> Your instructions
Ignoring every picture, transcribe the data in full as it stands.

> Dataset extract
....
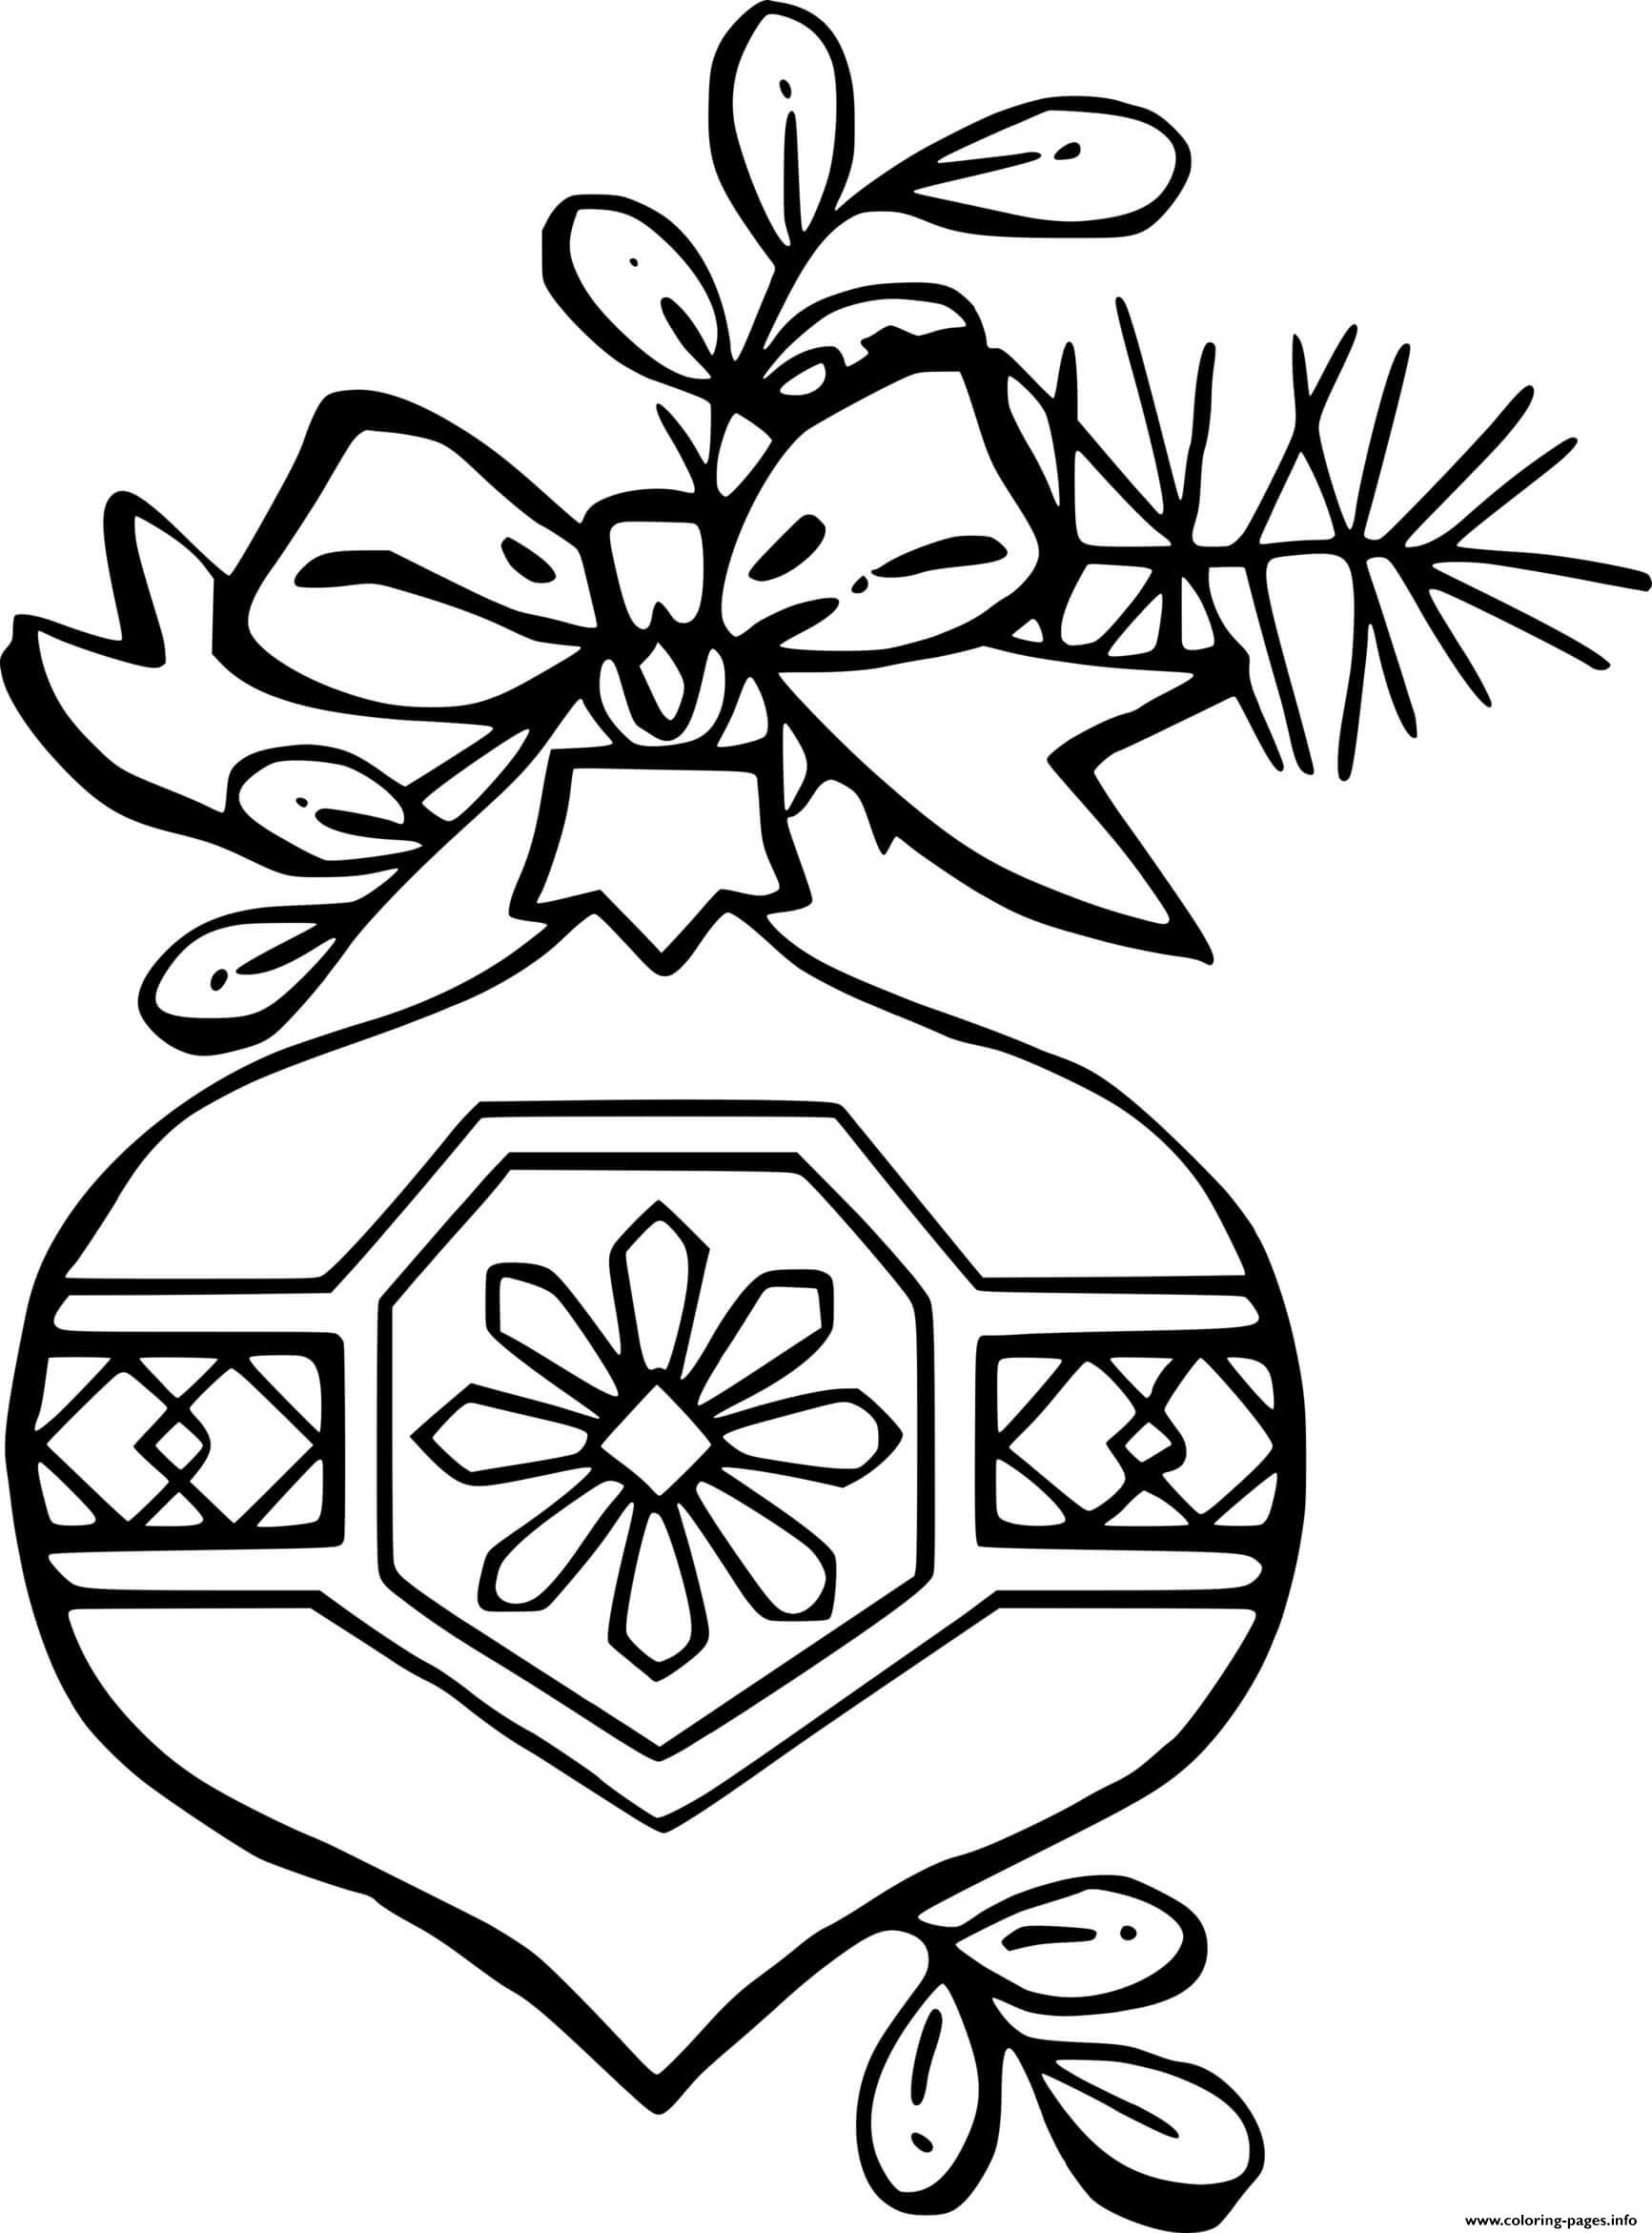 Bottle Shaped Ornament Coloring page Printable
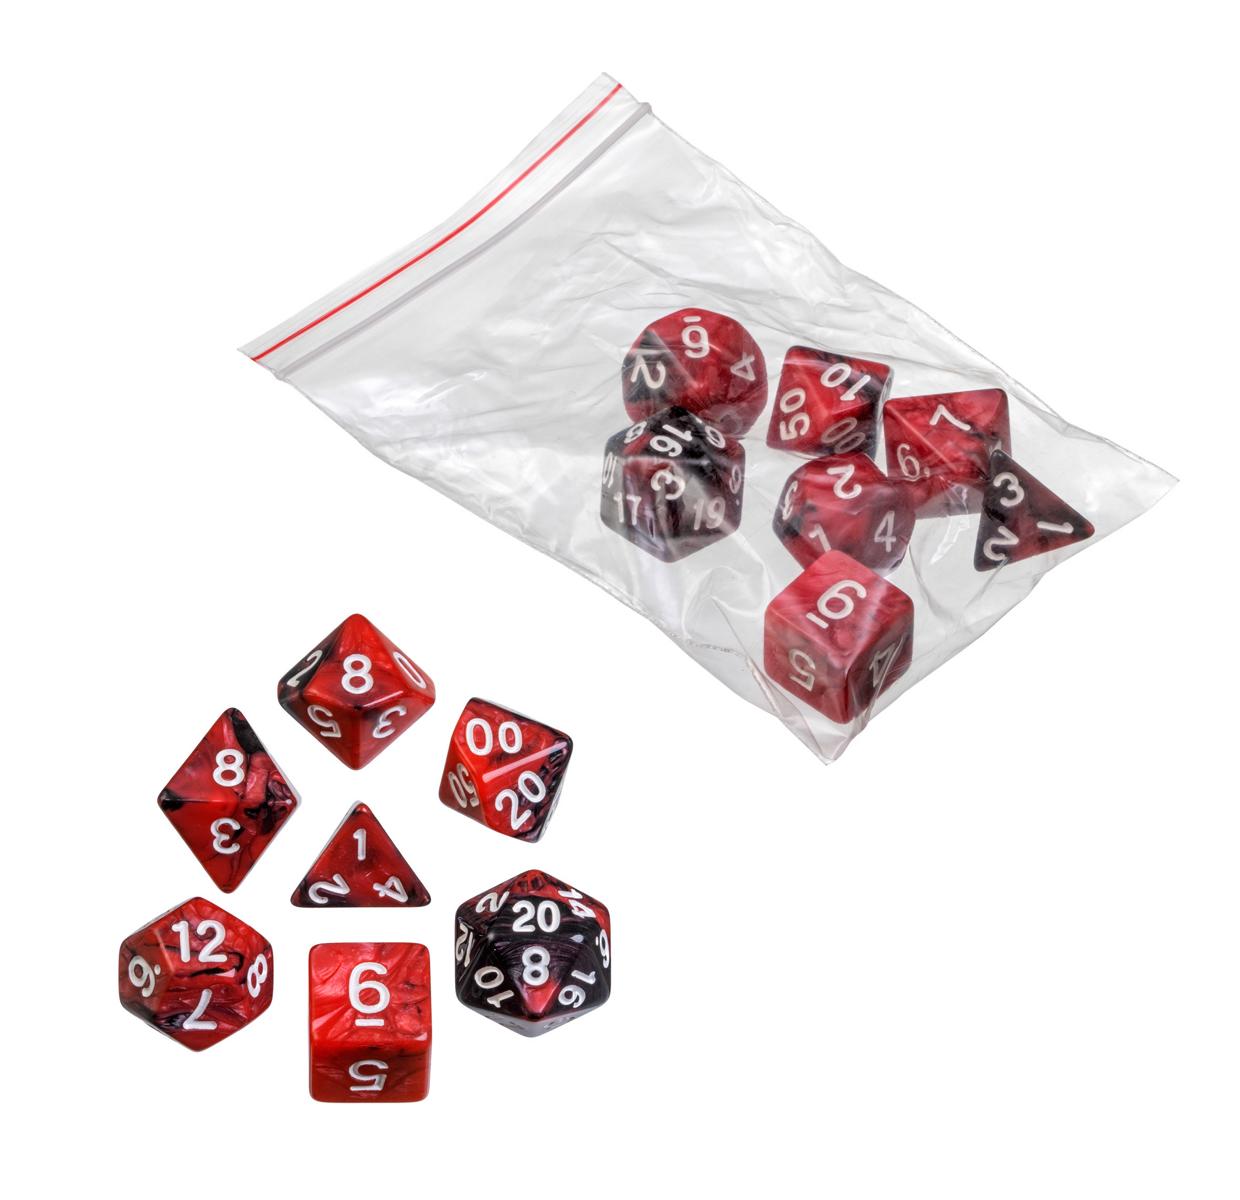 Dice, oblivion, red, 7 pieces in polybag
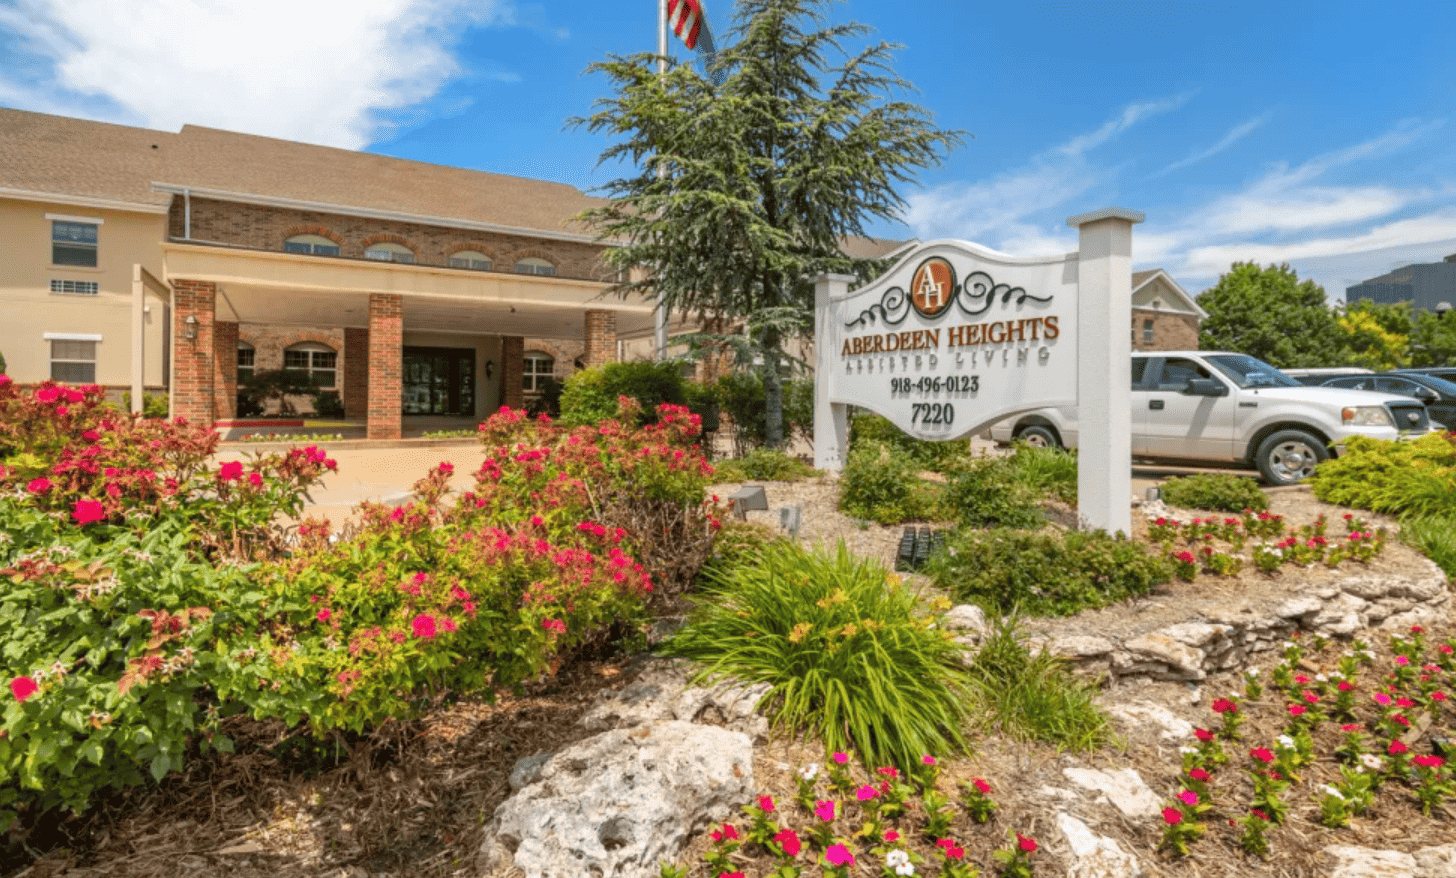 Aberdeen Heights Assisted Living
....
> Exercise response
 Bottle Shaped Ornament Coloring page Printable
 Dice, oblivion, red, 7 pieces in polybag
 Aberdeen Heights Assisted Living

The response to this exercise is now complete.